Personal information
- Full name: Sarul Kanwar
- Born: 8 November 1987 (age 38) Saharanpur, Uttar Pradesh, India
- Batting: Right-handed
- Bowling: Right-arm off break
- Role: Opening Batsman

Domestic team information
- 2010–2012: Punjab
- 2011: Mumbai Indians (squad no. 88)
- 2018: Uttar Pradesh
- 2021–: Chandigarh

Career statistics
| Competition | FC | LA | T20 |
| Matches | 6 | 2 | 9 |
| Runs scored | 556 | 21 | 189 |
| Batting average | 50.54 | 10.50 | 21.00 |
| 100s/50s | 2/2 | 0/0 | 0/0 |
| Top score | 130 | 21 | 49 |
| Catches/stumpings | 2/– | 0/– | 4/– |
- Source: ESPNcricinfo, 10 October 2011

= Sarul Kanwar =

Indian cricketer (born 1987)

Sarul Kanwar (born 8 November 1987), is an Indian cricketer. An attacking opening batsman from Punjab, he has 2 first-class centuries for Punjab in the last two Ranji Trophy seasons.

==Career==
In 2001, he left his home town Saharanpur to Chandigarh to play cricket for Punjab. He improved his game and started practicing in the Sector 16 Stadium under coach Harish Sharma. He put on many impressive performances in the next eight years. In the Katoch Shield in 2008, he scored 746 runs including 3 centuries. In the Nayudu Under-22 Championships, he scored 610 runs. He was playing in the Punjab "B" Team then. His contributions led to Punjab winning these titles. His performances were rewarded with a Ranji Trophy camp call-up for the first time. He was selected in Punjab's 2010 Ranji Trophy season.

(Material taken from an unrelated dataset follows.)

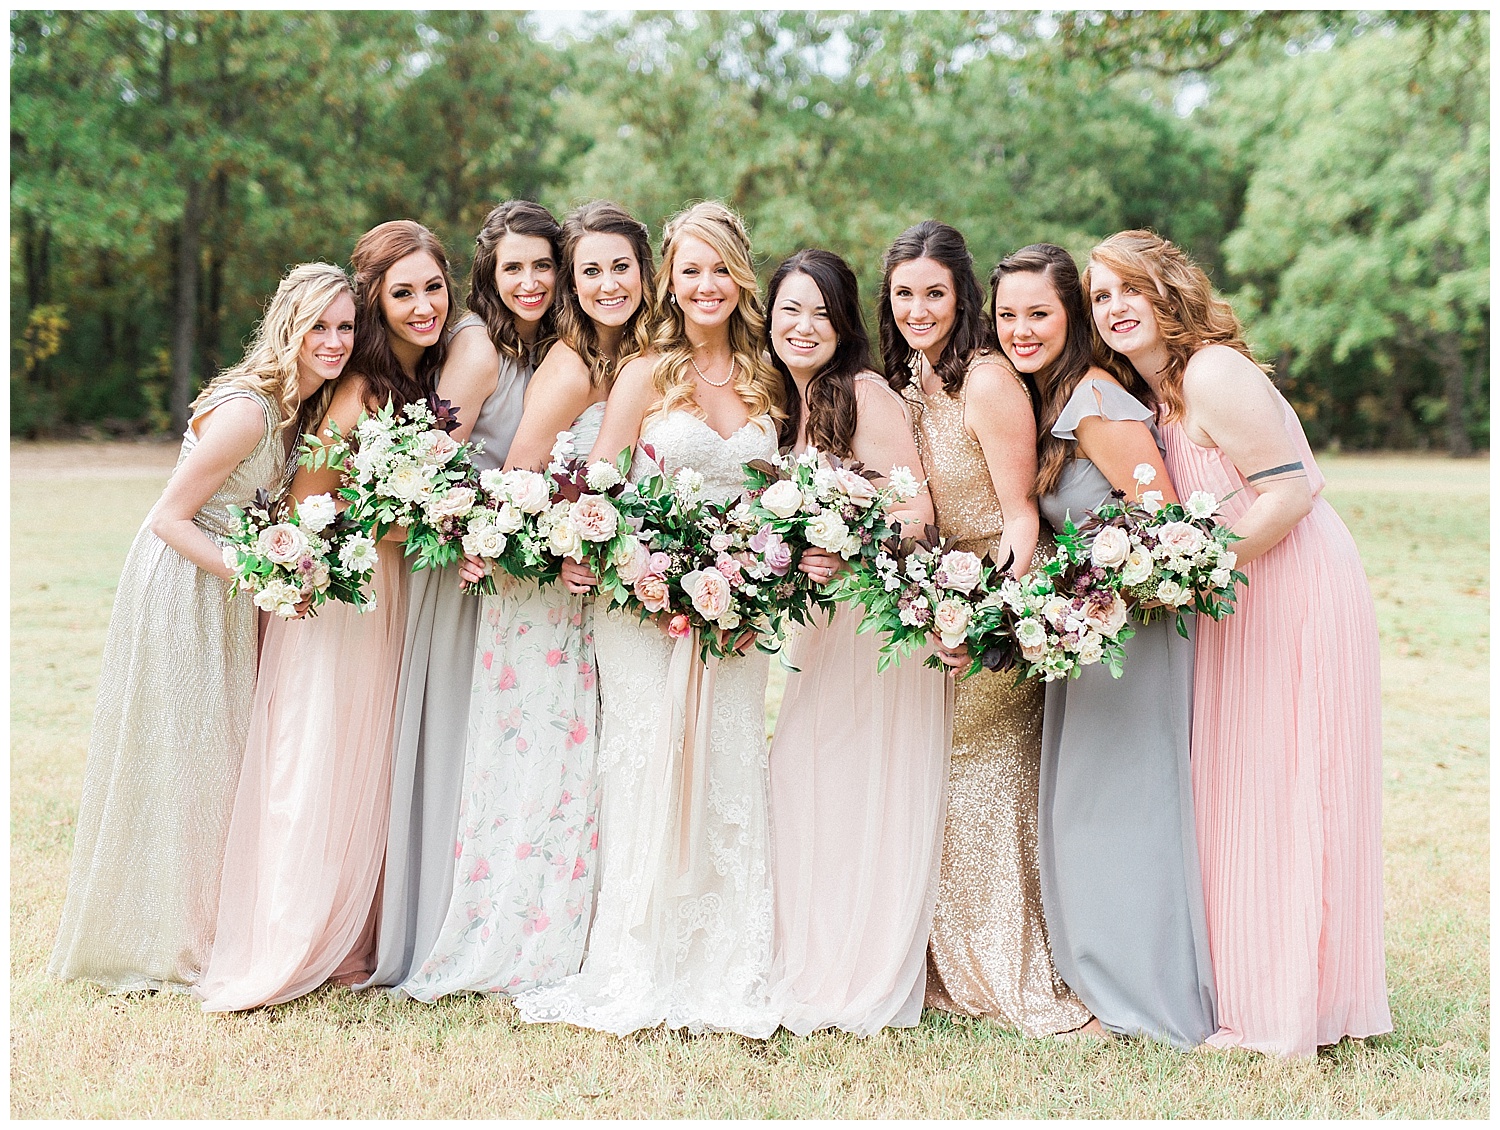 Texas Wedding Venue | The White Sparrow: Spring Wedding Trends
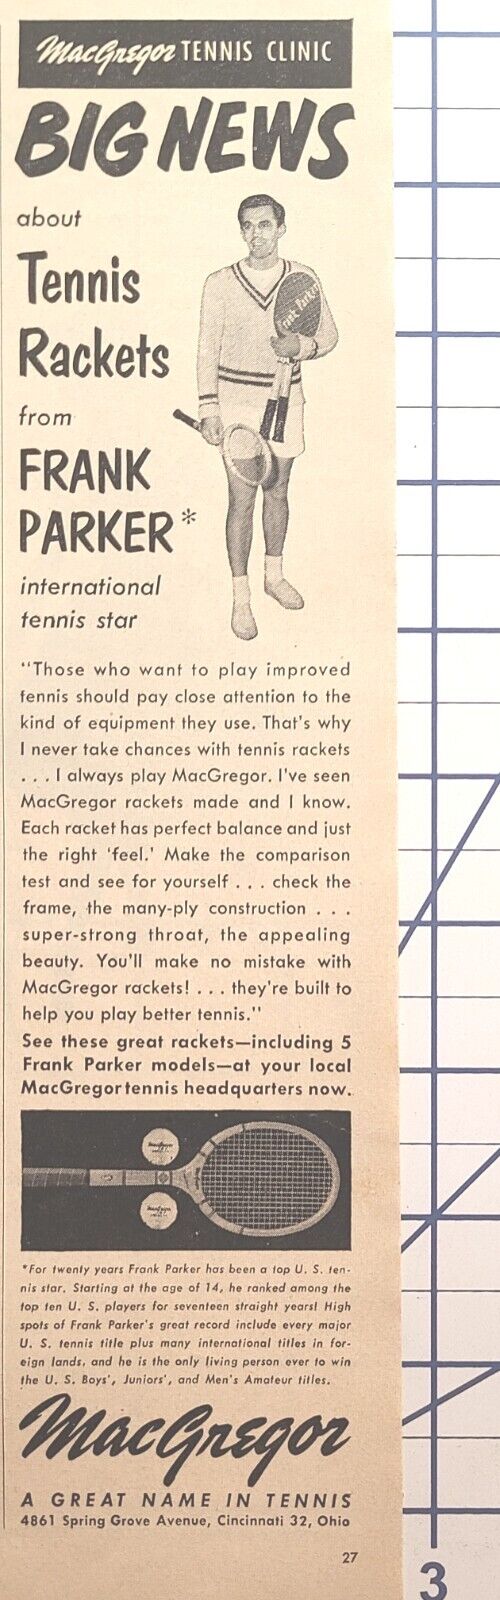 MacGregor Tennis Rackets Frank Parker Star 5 Models Clinic Vintage Print Ad 1952

He made his first-class debut for Punjab in 2010, and List A debut in 2011, Kanwar has been impressive in his first-class career since. In his first Ranji Trophy season in 2010, he topped 500 runs, with 2 centuries.

His Twenty20 exploits were not as successful, yet he landed an Indian Premier League contract with the Mumbai Indians. Despite not getting a game in the 2011 IPL, when he finally got a chance in the 2011 Champions League Twenty20 in an injury ravaged Mumbai Indians side, he quickly grabbed it with a rapacious 45 off 21 balls versus South African franchise Cape Cobras with 3 fours and 5 sixes. He was then looking for another six but was caught by Owais Shah off a Robin Peterson delivery near the boundary. The Mumbai Indians amassed 176 thanks to another 58 by Kieron Pollard. The match eventually finished a no result due to rain.
He was bought out by his team in favour of Mumbai batsman Sushant Marathe for IPL 5.
Kanwar has now started practising with Sunrise Cricket Academy under Jitendra Kumar. Jitendra has been associated with Punjab Kings as side arm king.